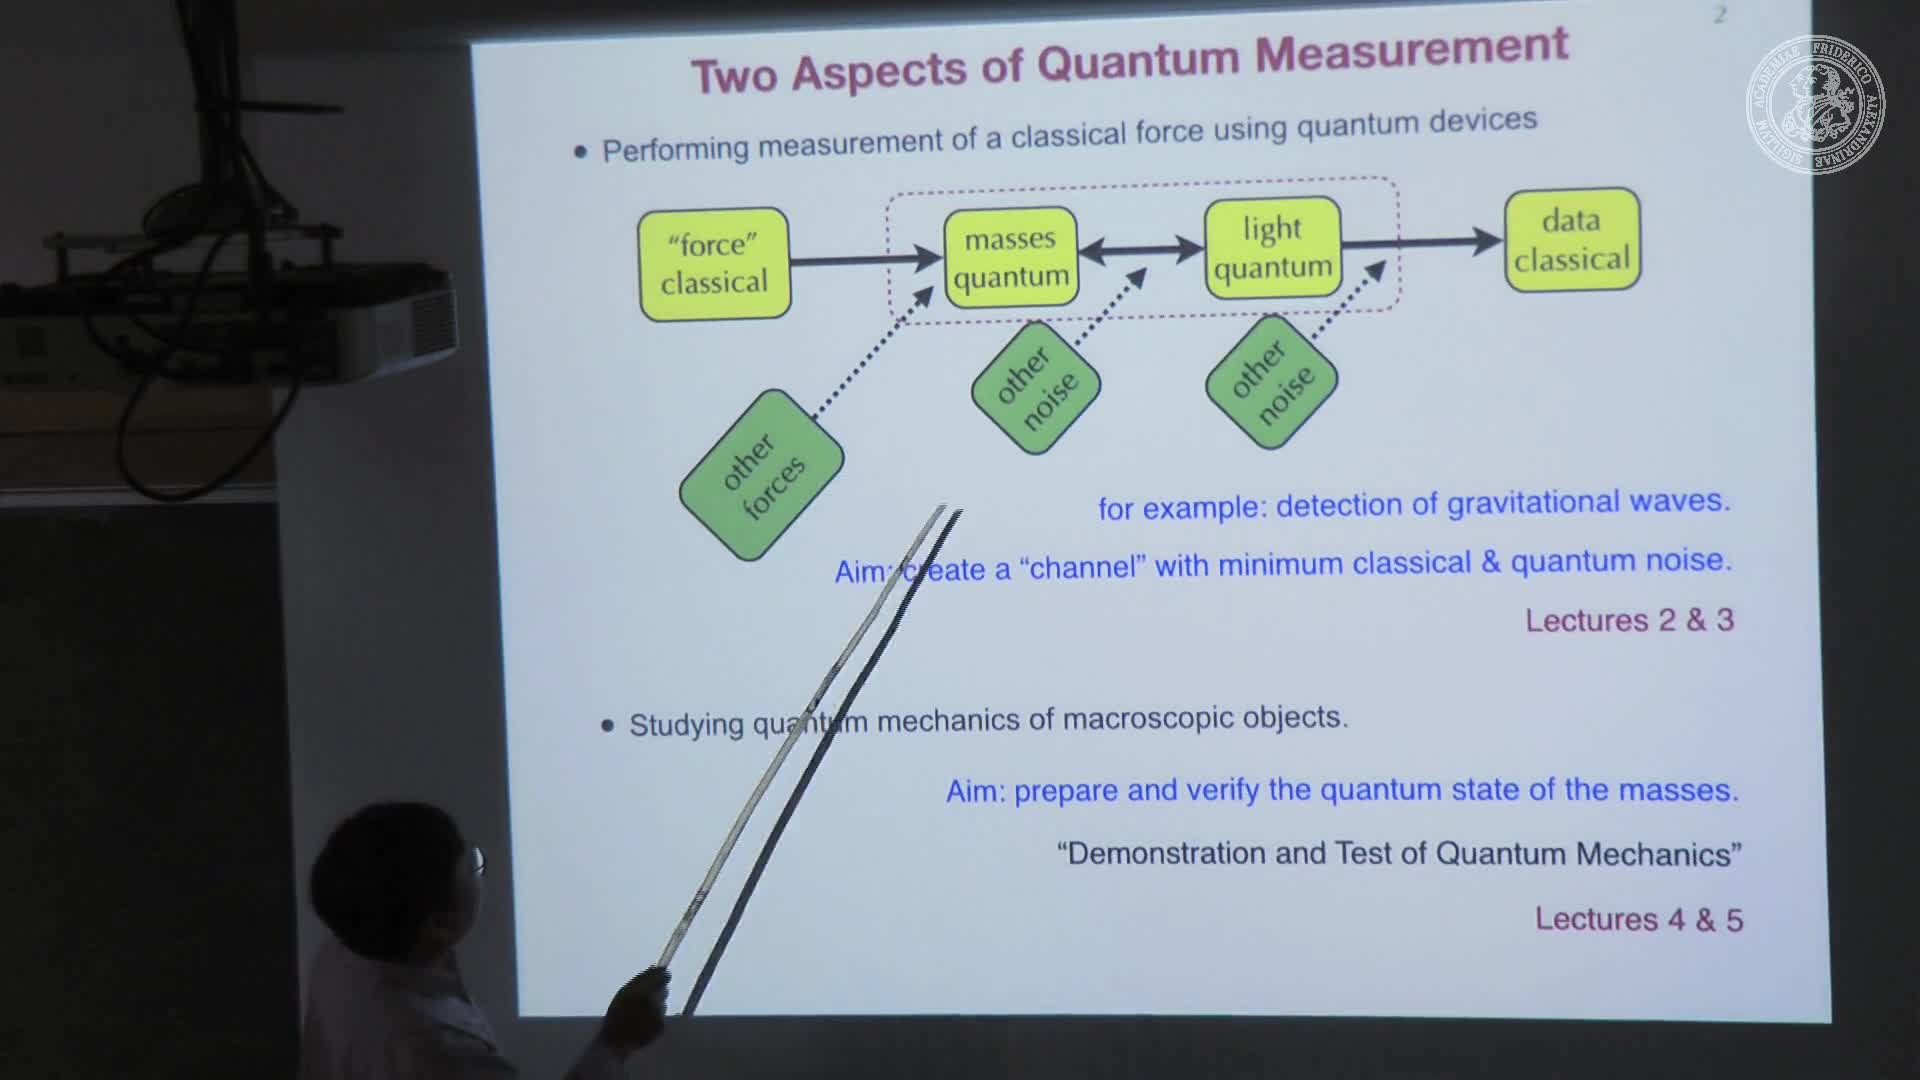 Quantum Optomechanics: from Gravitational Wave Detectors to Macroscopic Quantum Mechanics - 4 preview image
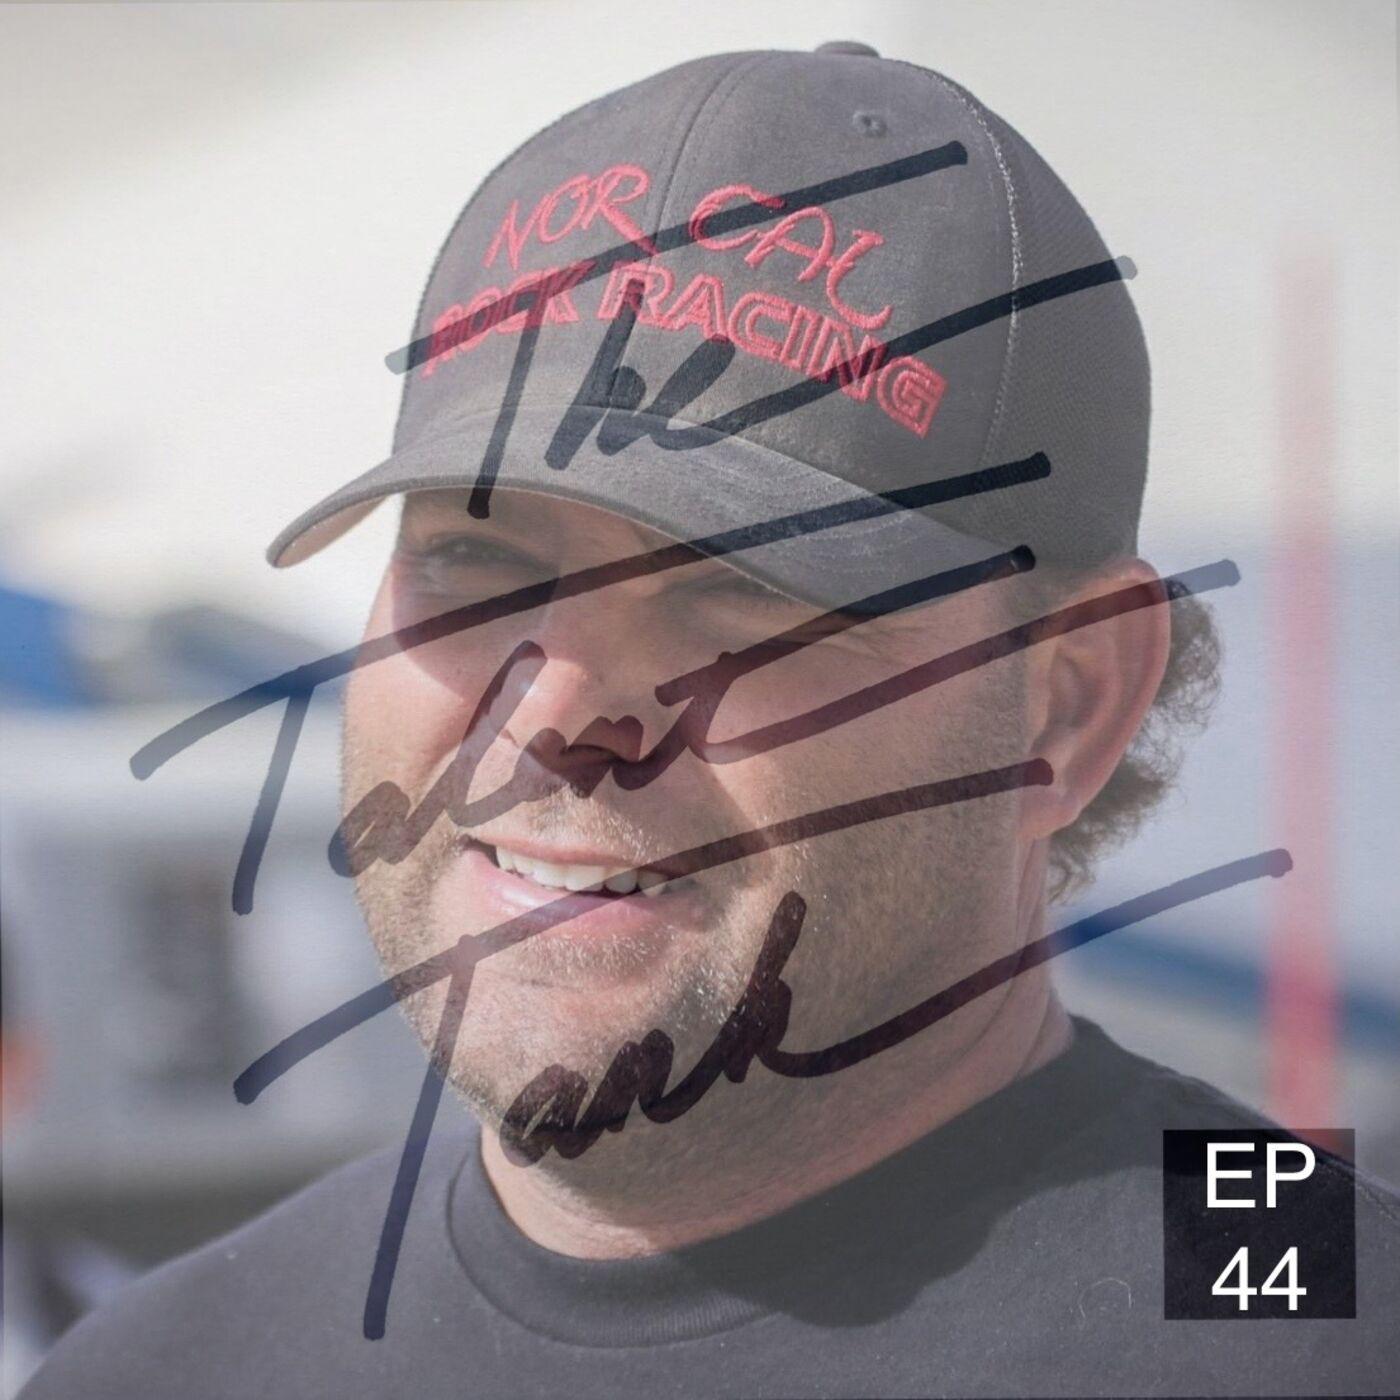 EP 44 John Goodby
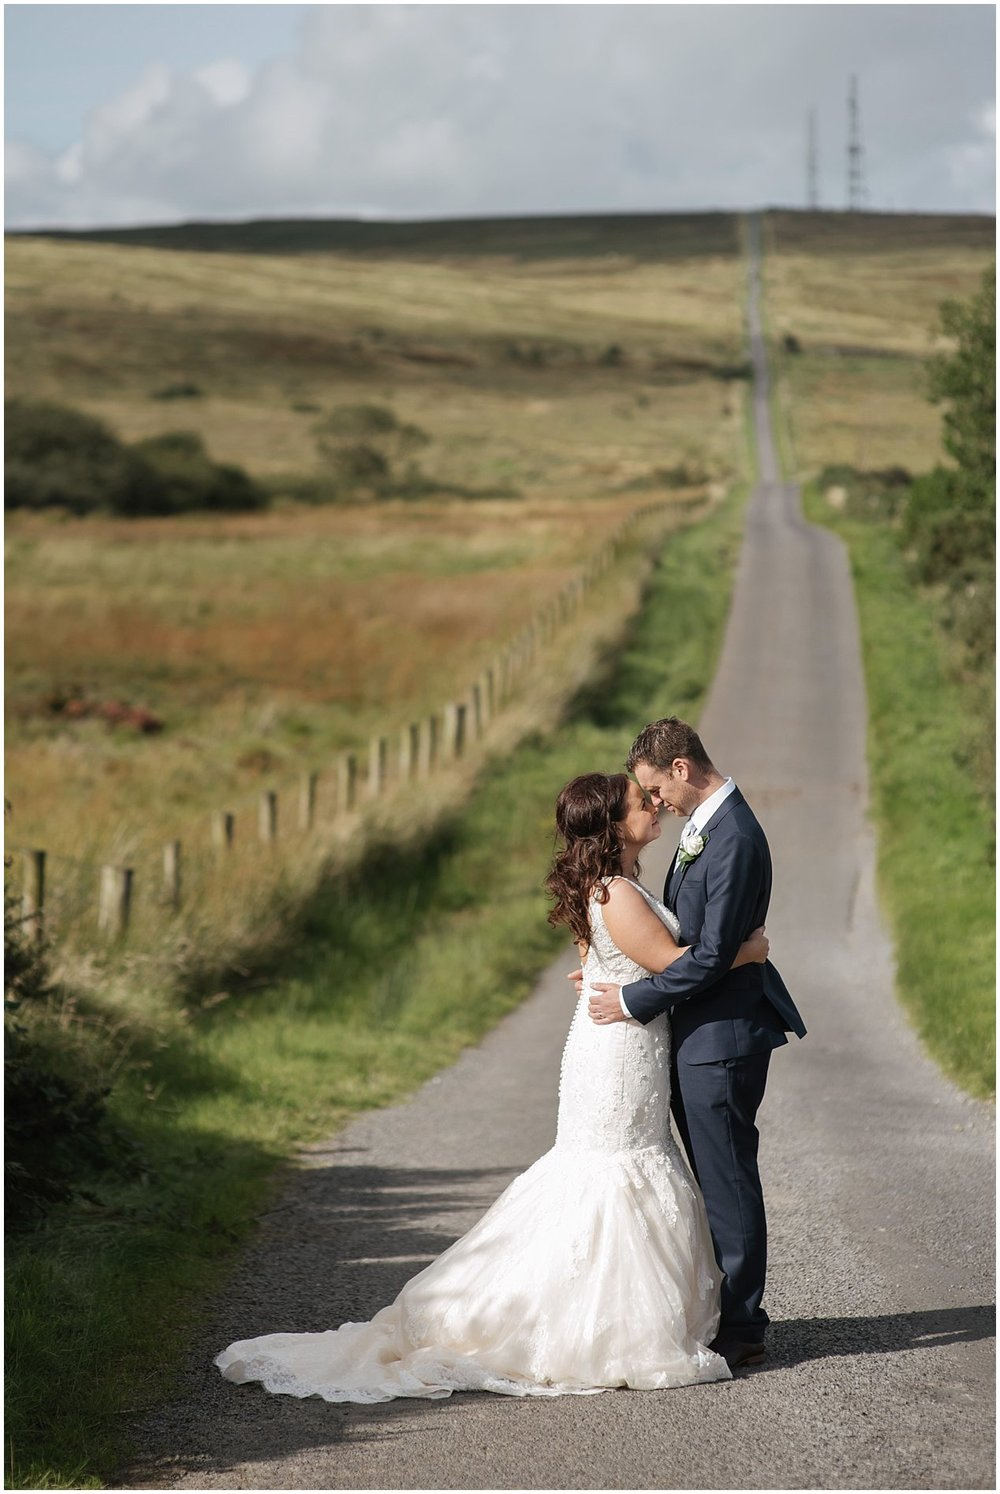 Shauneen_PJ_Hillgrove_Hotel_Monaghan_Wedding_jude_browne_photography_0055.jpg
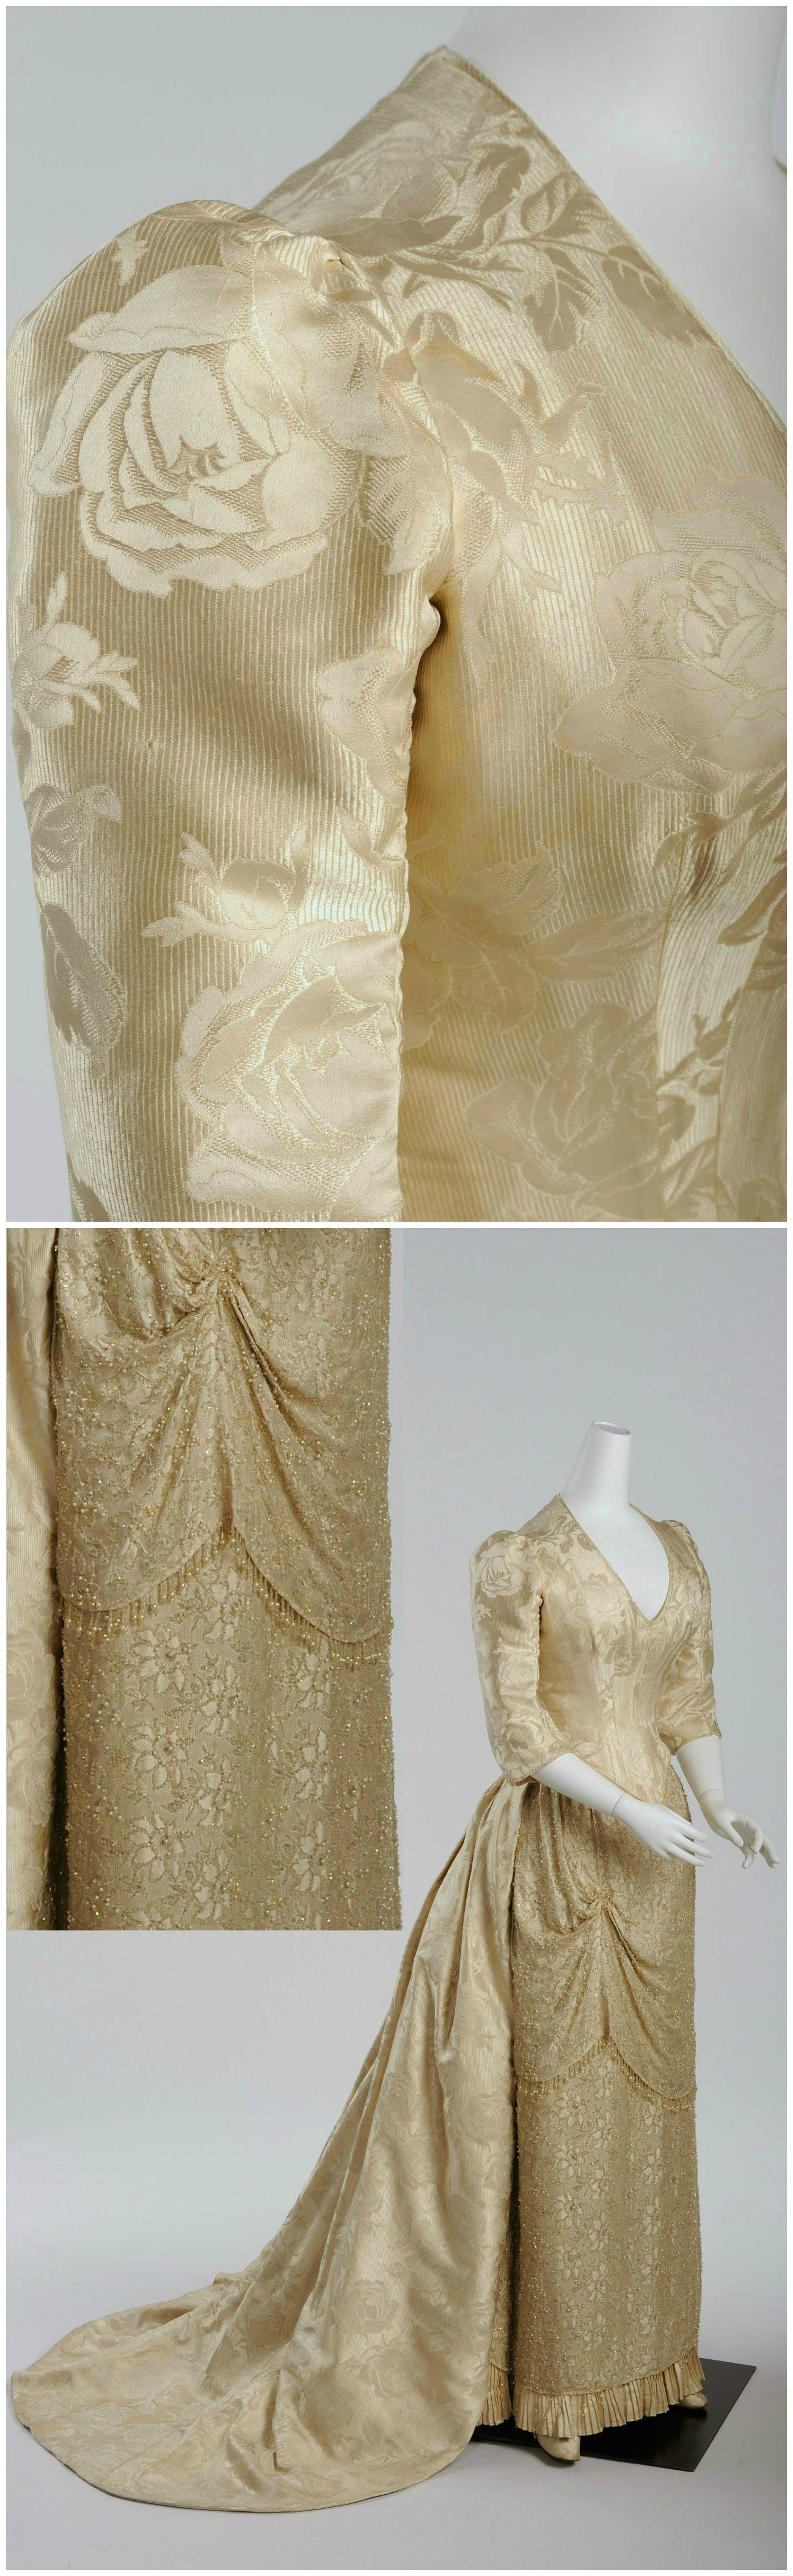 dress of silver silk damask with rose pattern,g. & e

▶ **Assigned task**
In this exercise, set down all of the data exactly, without the pictures.

▶ **Written answer**
 Quantum Optomechanics: from Gravitational Wave Detectors to Macroscopic Quantum Mechanics - 4 preview image
 EP 44 John Goodby
 Shauneen_PJ_Hillgrove_Hotel_Monaghan_Wedding_jude_browne_photography_0055.jpg
 dress of silver silk damask with rose pattern,g. & e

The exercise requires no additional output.